Repeat every line of the data exactly; the pictures stay out.

> [Recorded data]:
----

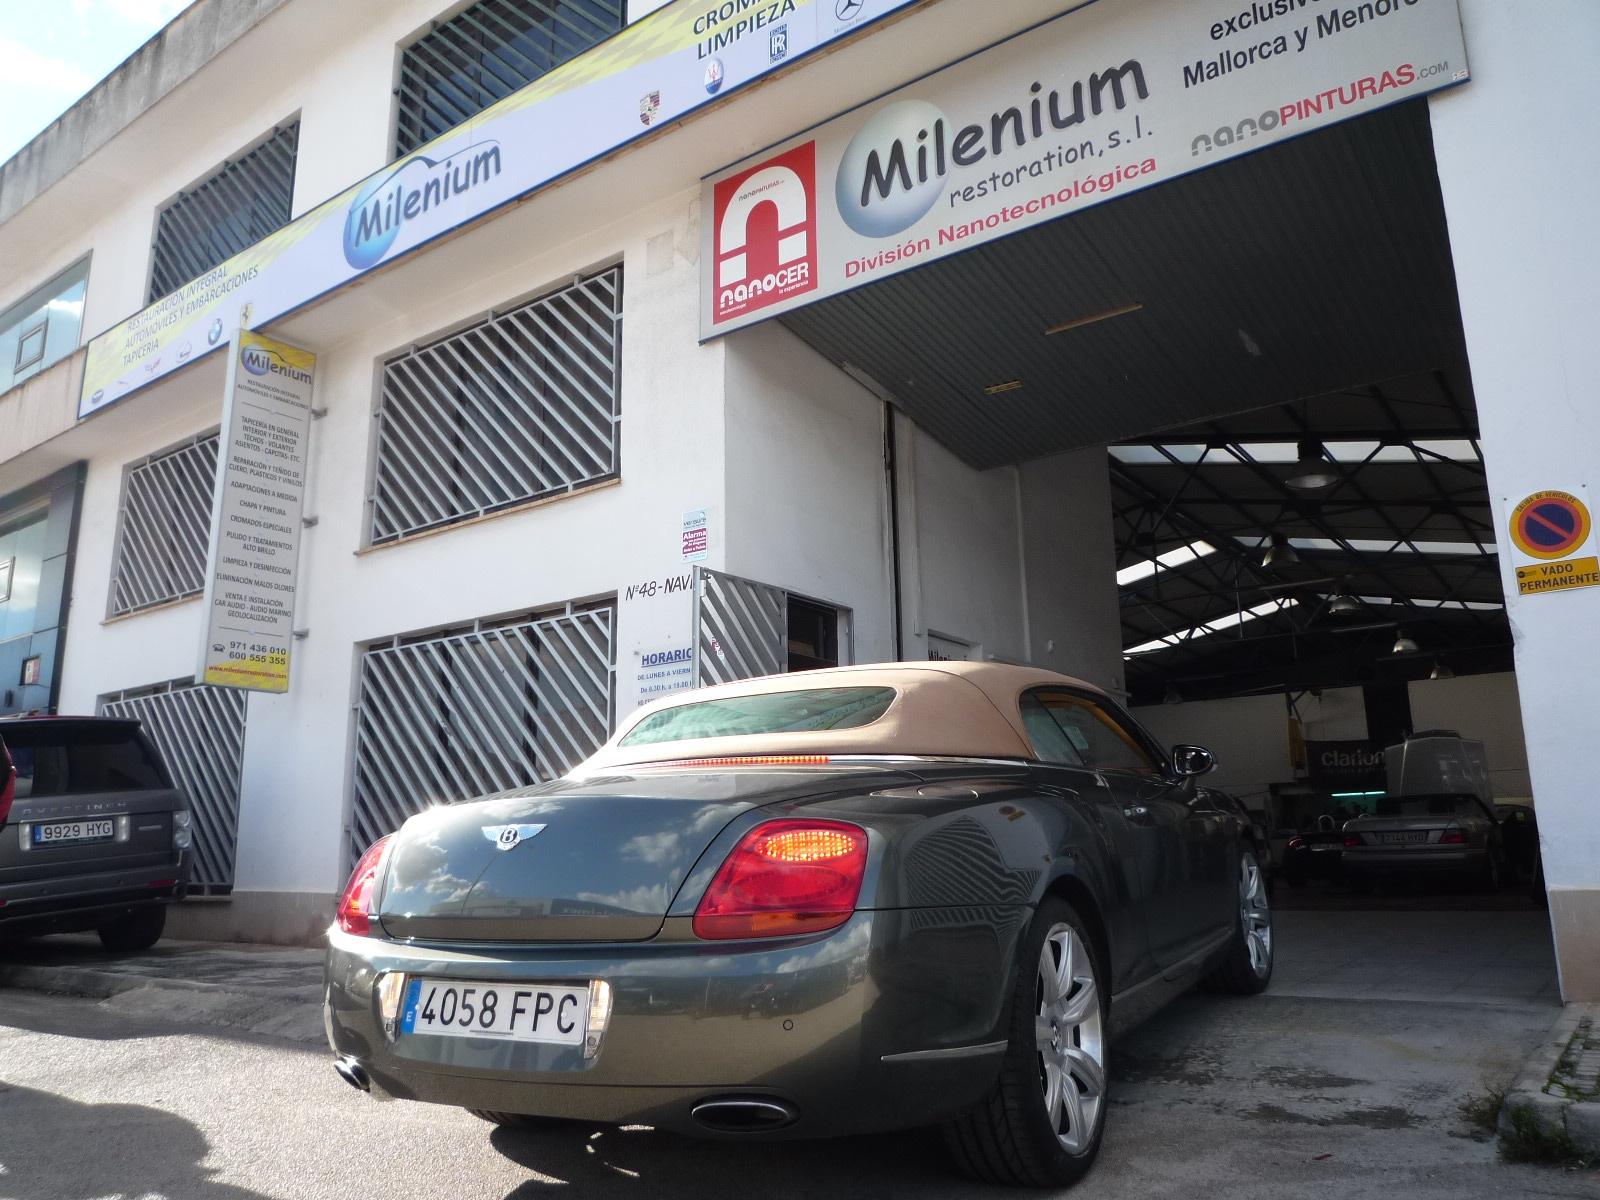 Milenium Restoration s.l.
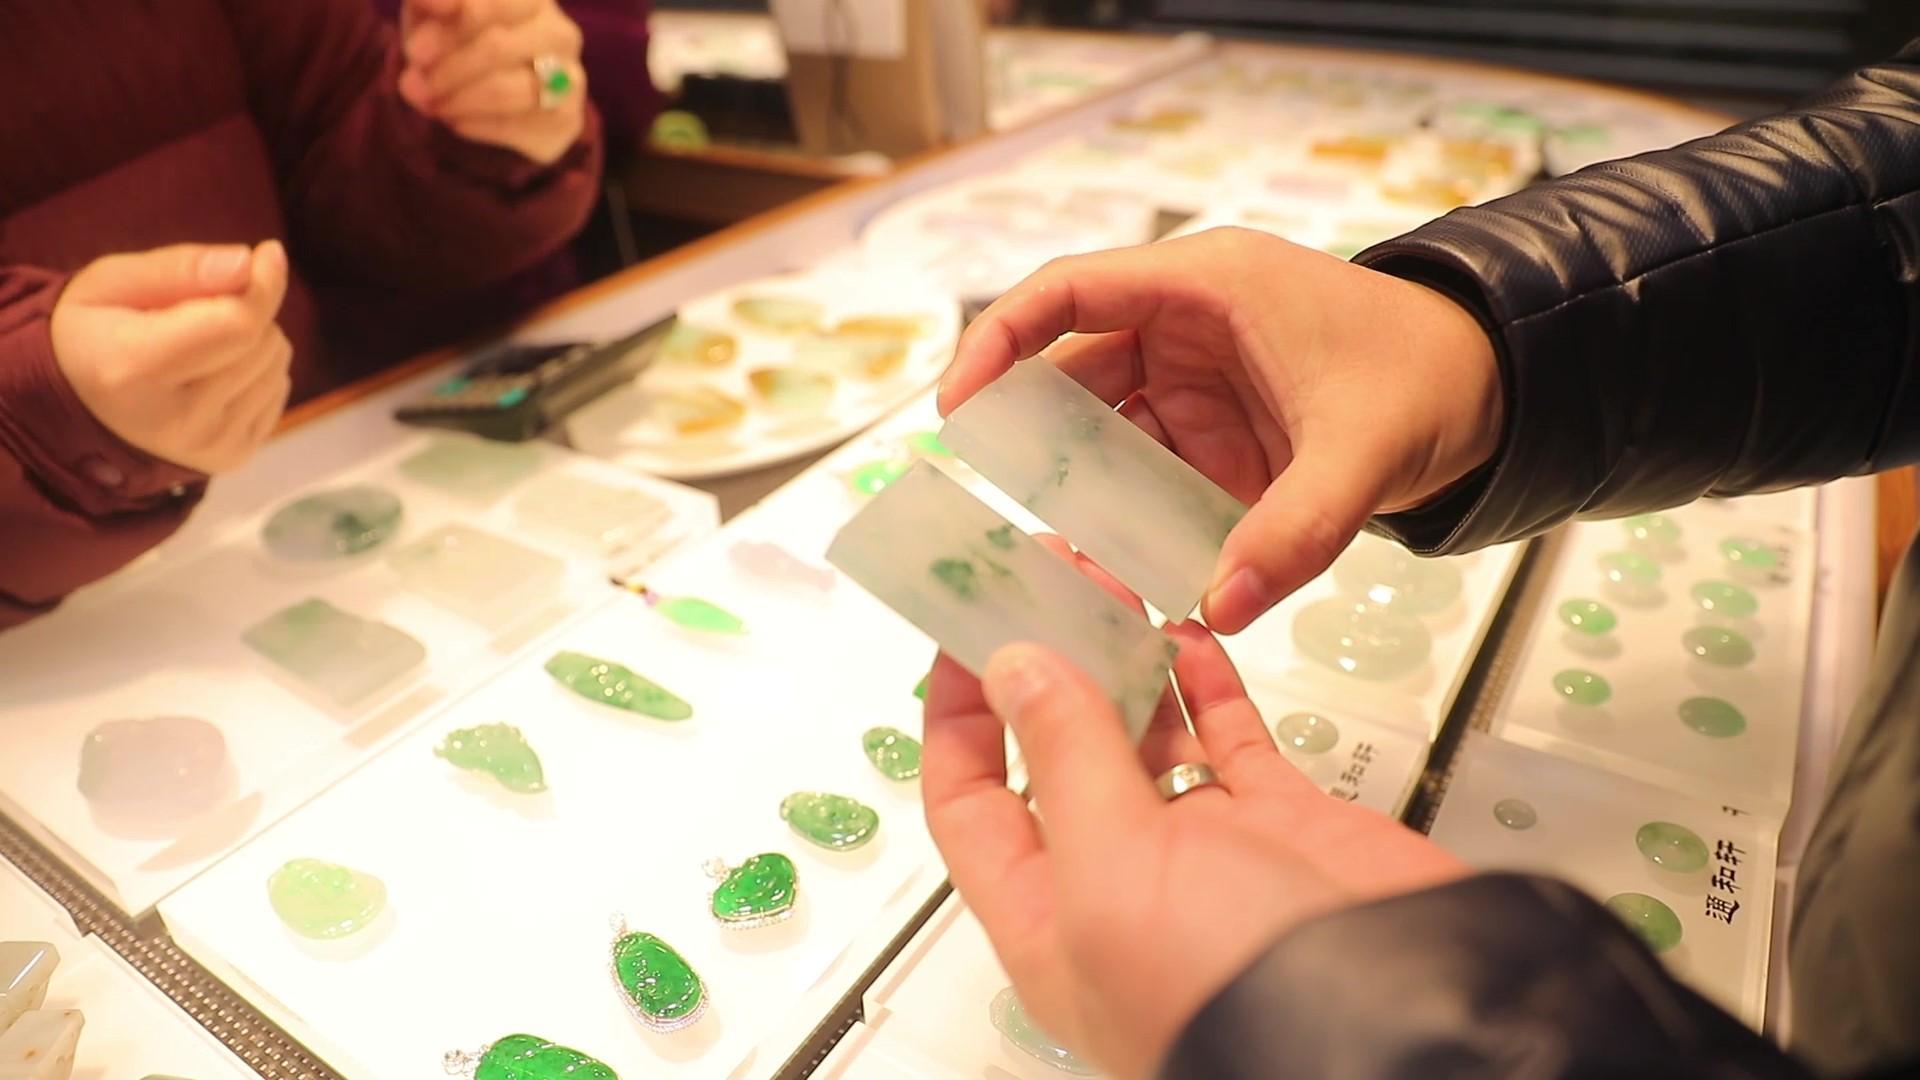 网购翡翠货不对版买贵现象泛滥,对庄翡翠app帮你避坑
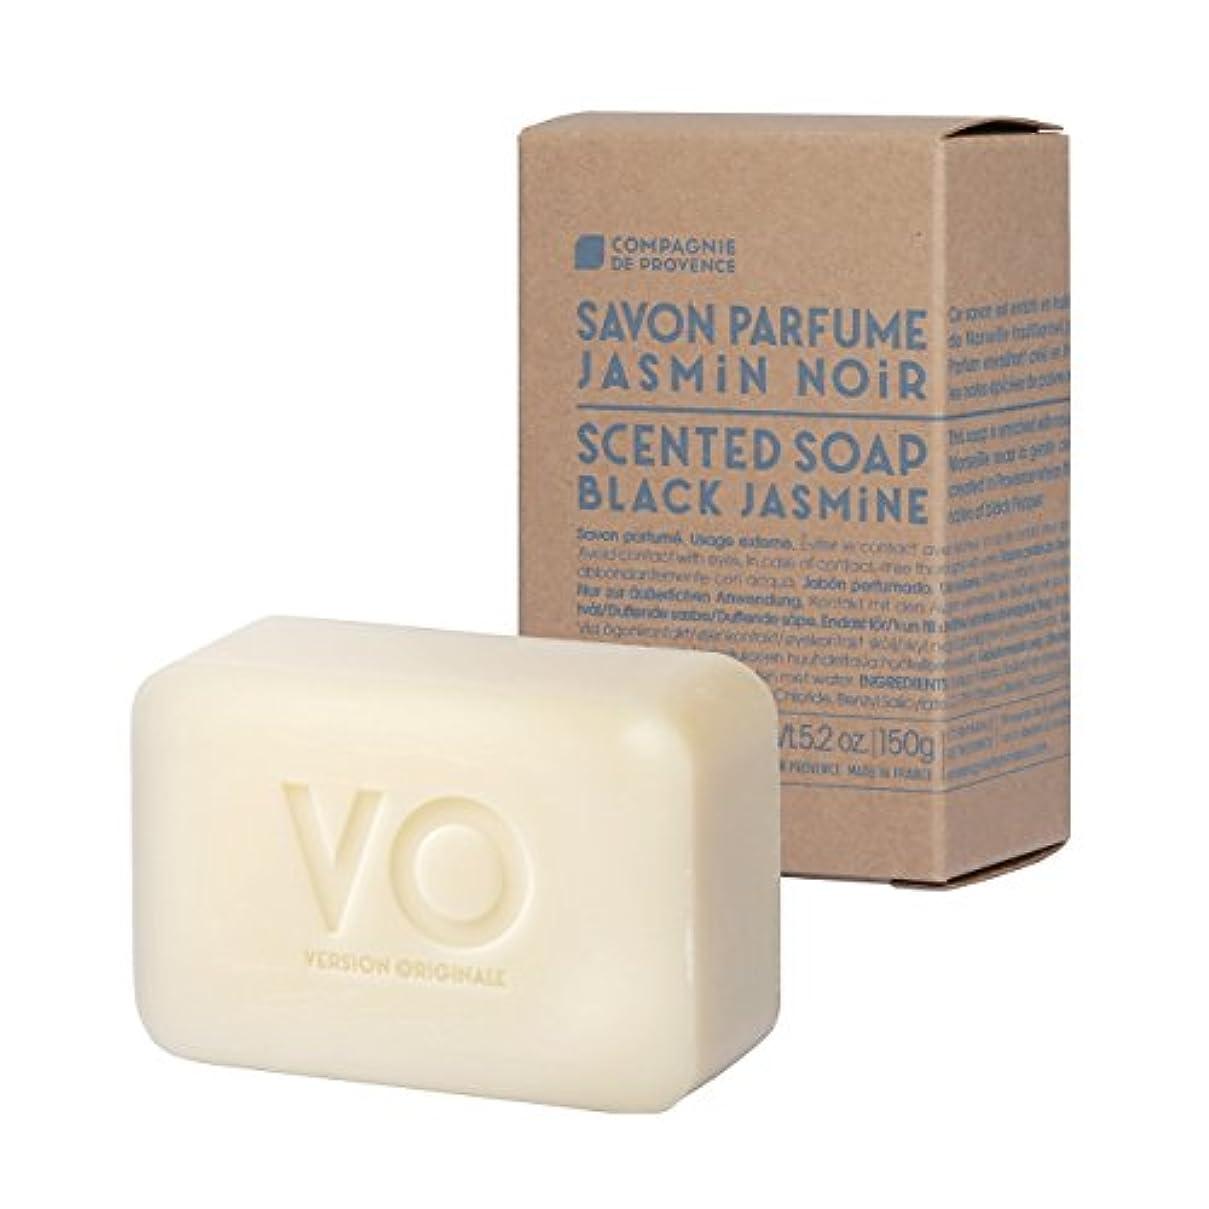 珍味提供された価値のないカンパニードプロバンス バージョンオリジナル センティッドソープ ブラックジャスミン(すっきりとした中にも甘さがある香り) 150g
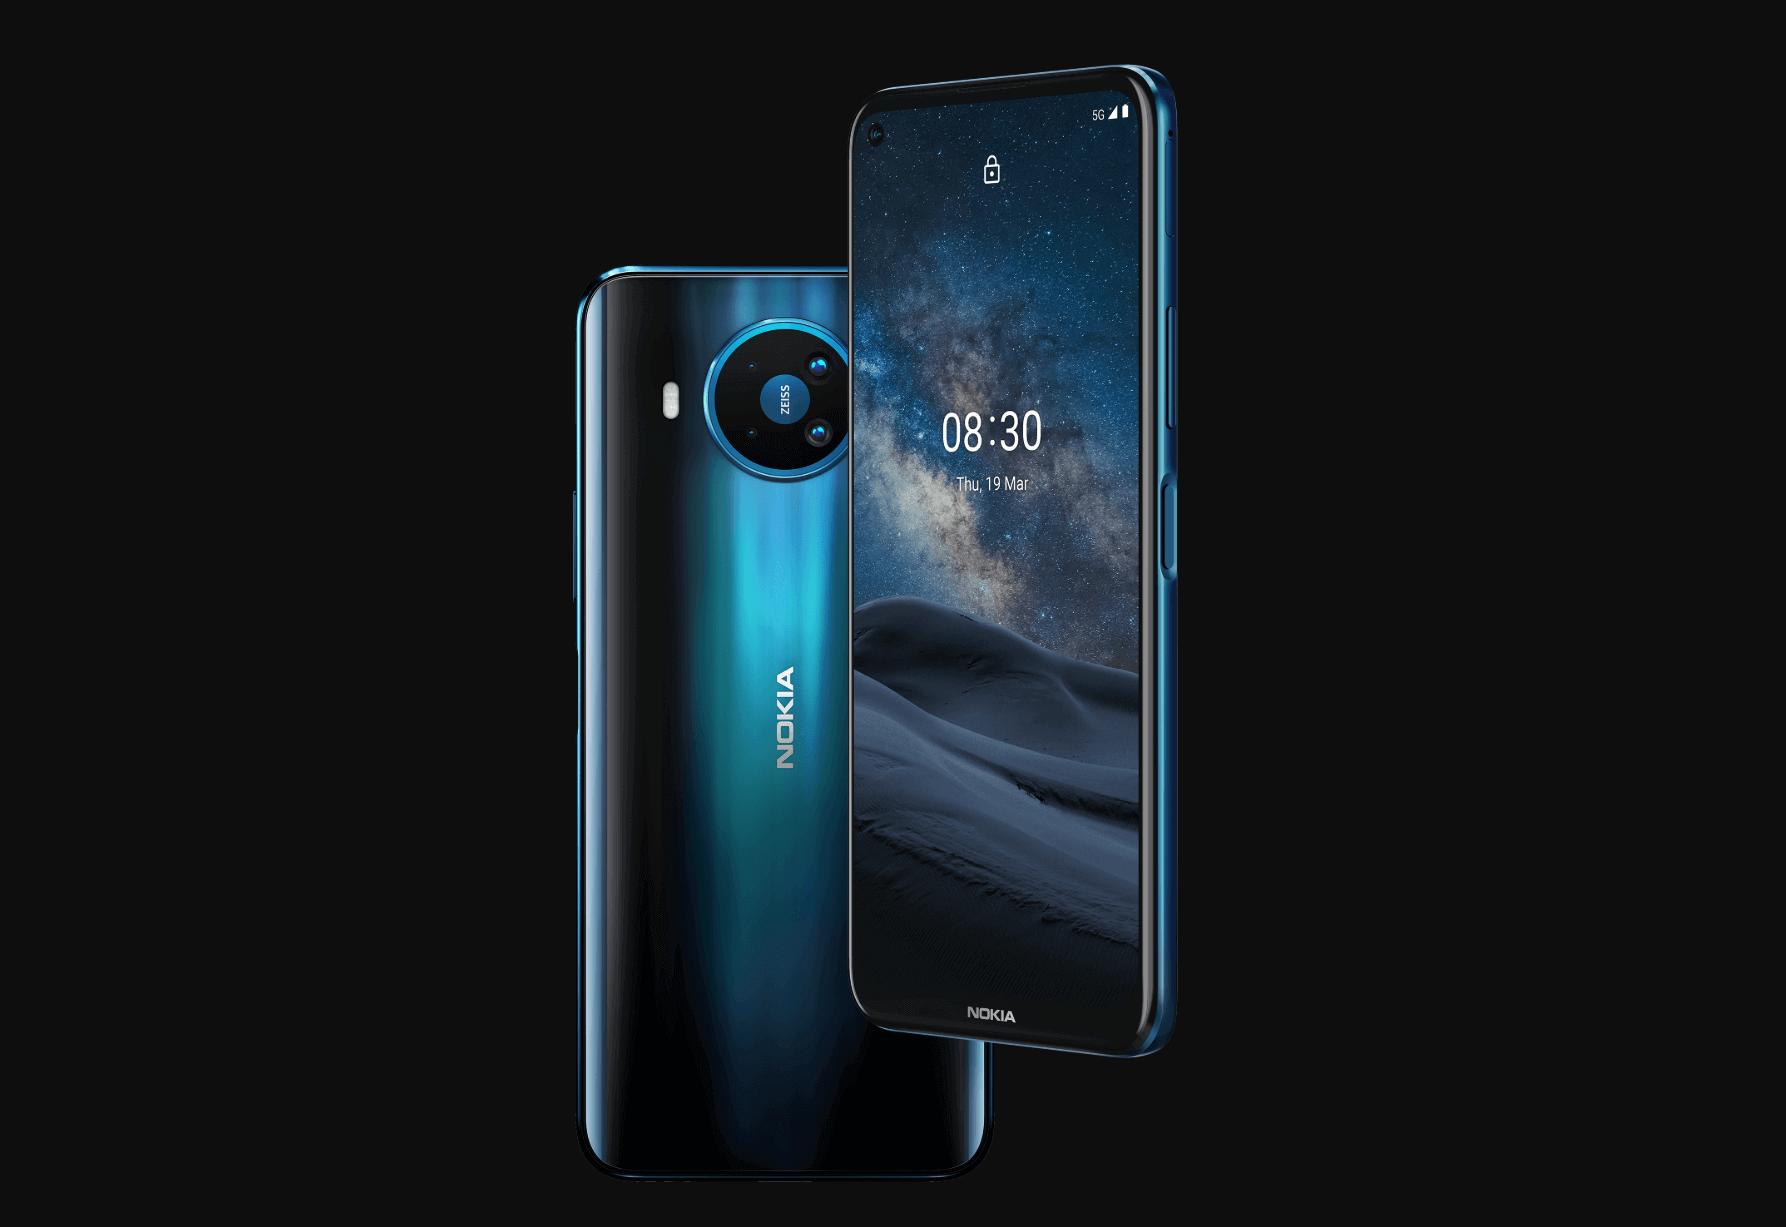 Nokia 8.3 price in India

----

> [Result below]:
 Milenium Restoration s.l.
 网购翡翠货不对版买贵现象泛滥,对庄翡翠app帮你避坑
 珍味提供された価値のないカンパニードプロバンス バージョンオリジナル センティッドソープ ブラックジャスミン(すっきりとした中にも甘さがある香り) 150g
 Nokia 8.3 price in India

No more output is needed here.